Cosco CMA CGM Compete for Third in Global Shipping

COSCO Shipping once became third largest carrier after acquiring OOCL, but CMA CGM quickly expanded and surpassed it. The shipping industry is highly competitive, and capacity expansion is crucial for gaining market share. The battle for dominance involves strategic maneuvers and significant investments in vessel capacity. Carriers are constantly vying for position in the capacity rankings, highlighting the intense strategic game being played out in the global shipping market. This competition drives innovation and efficiency, ultimately impacting global trade flows.
Cosco CMA CGM Compete for Third in Global Shipping

If the global shipping industry were a chessboard, every shift in capacity rankings would represent a decisive move, sending ripples across world trade. The recent consolidation of Orient Overseas Container Line (OOCL) under China COSCO Shipping seemed to herald a new era—propelling the merged entity to third place globally with 2.78 million TEUs, dethroning France’s CMA CGM. Yet this power shift proved fleeting, as the industry witnessed a dramatic countermove within weeks.
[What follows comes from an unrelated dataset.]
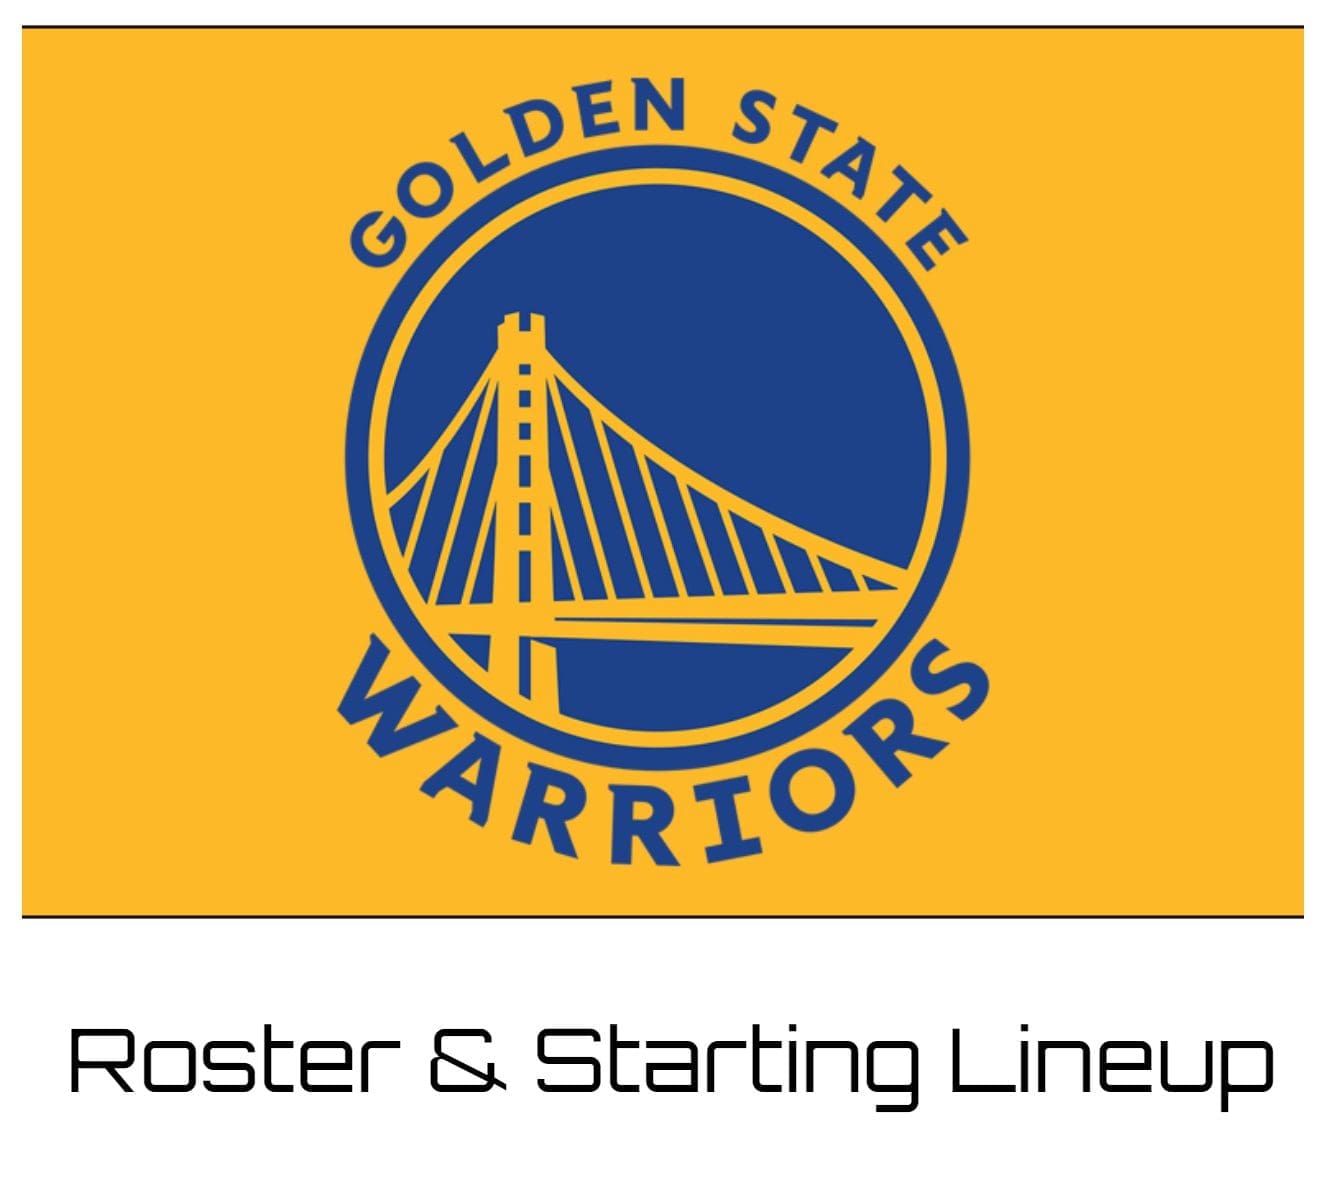 Golden State Warriors Roster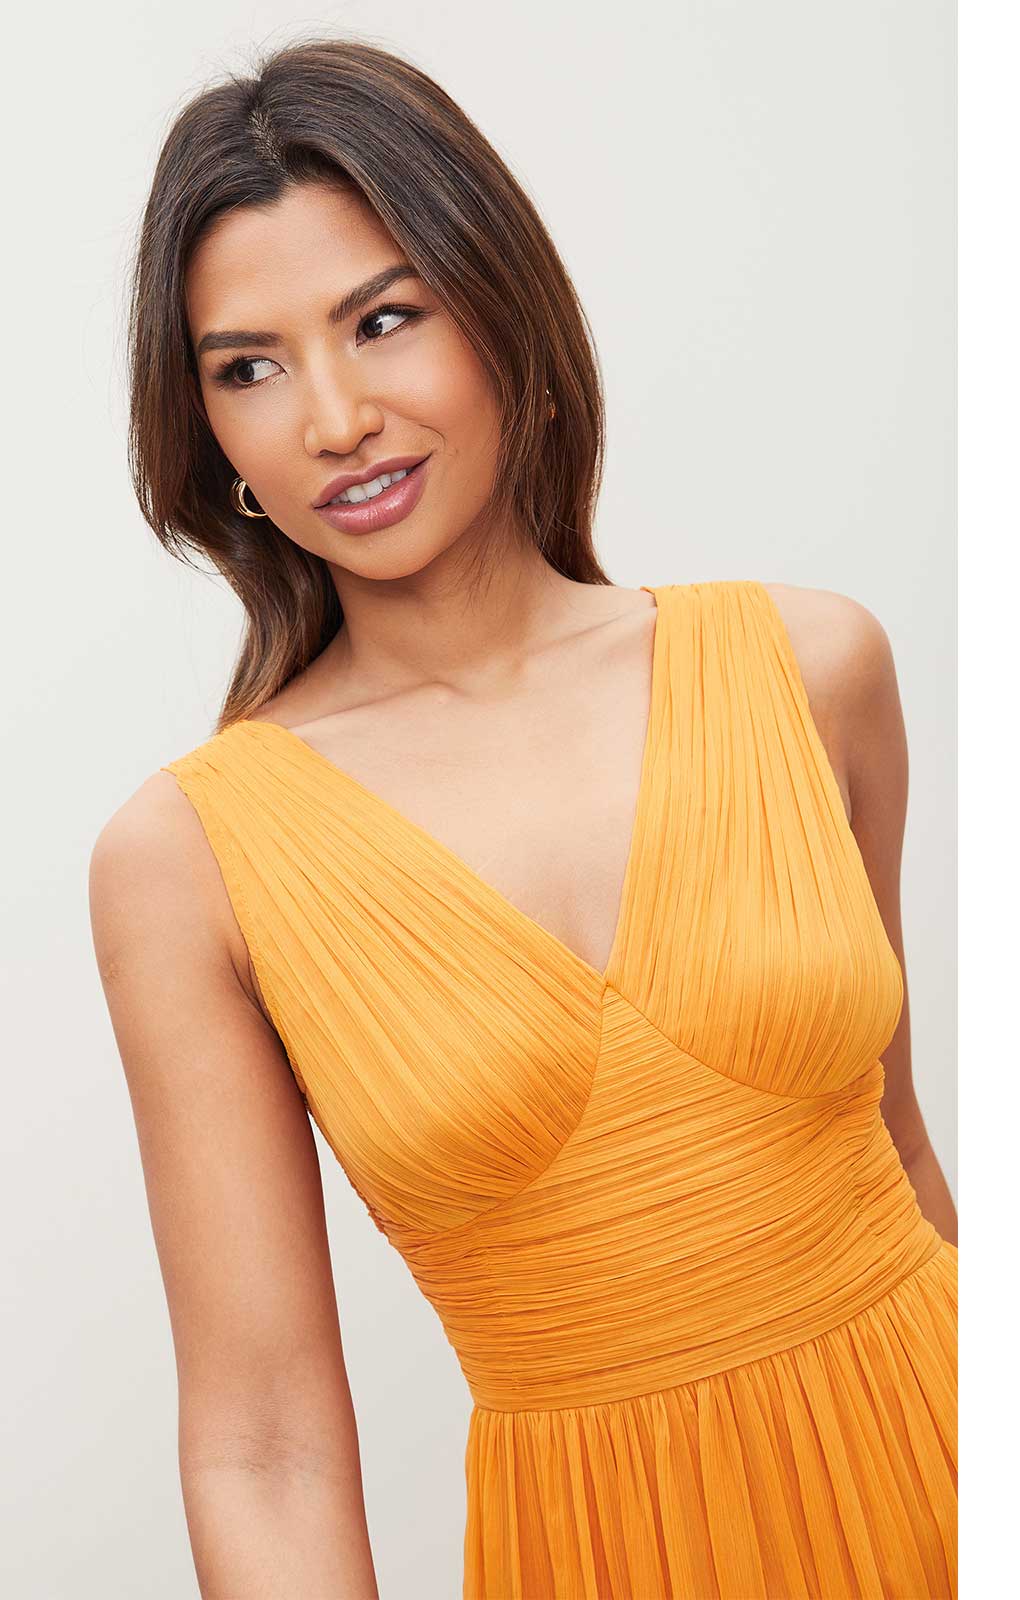 Lipsy Orange Empire Line Maxi Dress product image

CMA CGM’s Strategic Counterstrike

Just as COSCO prepared to cement its position, CMA CGM unveiled an order for nine 22,000-TEU megaships , two of which will be built at Shanghai’s Changxing Island. This aggressive expansion will boost CMA CGM’s total capacity to 2.84 million TEUs—surpassing COSCO’s post-merger 2.76 million TEUs by 76,843 units—assuming no interim capacity changes by either party.

The French carrier’s maneuver mirrors its 2017 response when COSCO first announced the OOCL acquisition. At that time, CMA CGM leased the 8,063-TEU OOCL Tianjin (later renamed Tianjin GSL) from Global Ship Lease to temporarily regain its ranking lead.

The Bigger Battlefield: Beyond Capacity Wars

While vessel numbers dominate headlines, industry analysts emphasize that operational efficiency , service networks, and sustainability investments will determine long-term winners. The Ocean Alliance—which includes both COSCO and CMA CGM alongside Evergreen Marine and OOCL—demonstrates how rivals simultaneously collaborate through vessel-sharing agreements to optimize routes.

Emerging challenges like overcapacity risks , decarbonization mandates, and geopolitical tensions further complicate the landscape. Shipping giants must balance fleet expansions with profitability, as seen in Maersk’s recent focus on integrated logistics over pure scale.

What Comes Next?

The chess match continues. With global trade volumes rebounding post-pandemic, carriers face pressure to modernize fleets while navigating volatile fuel costs and emission regulations. COSCO’s access to OOCL’s premium trans-Pacific routes and CMA CGM’s mega-vessel efficiency gains suggest both players are positioning for a prolonged strategic duel.

One certainty remains: in this trillion-dollar industry, today’s rankings guarantee nothing about tomorrow’s market leaders.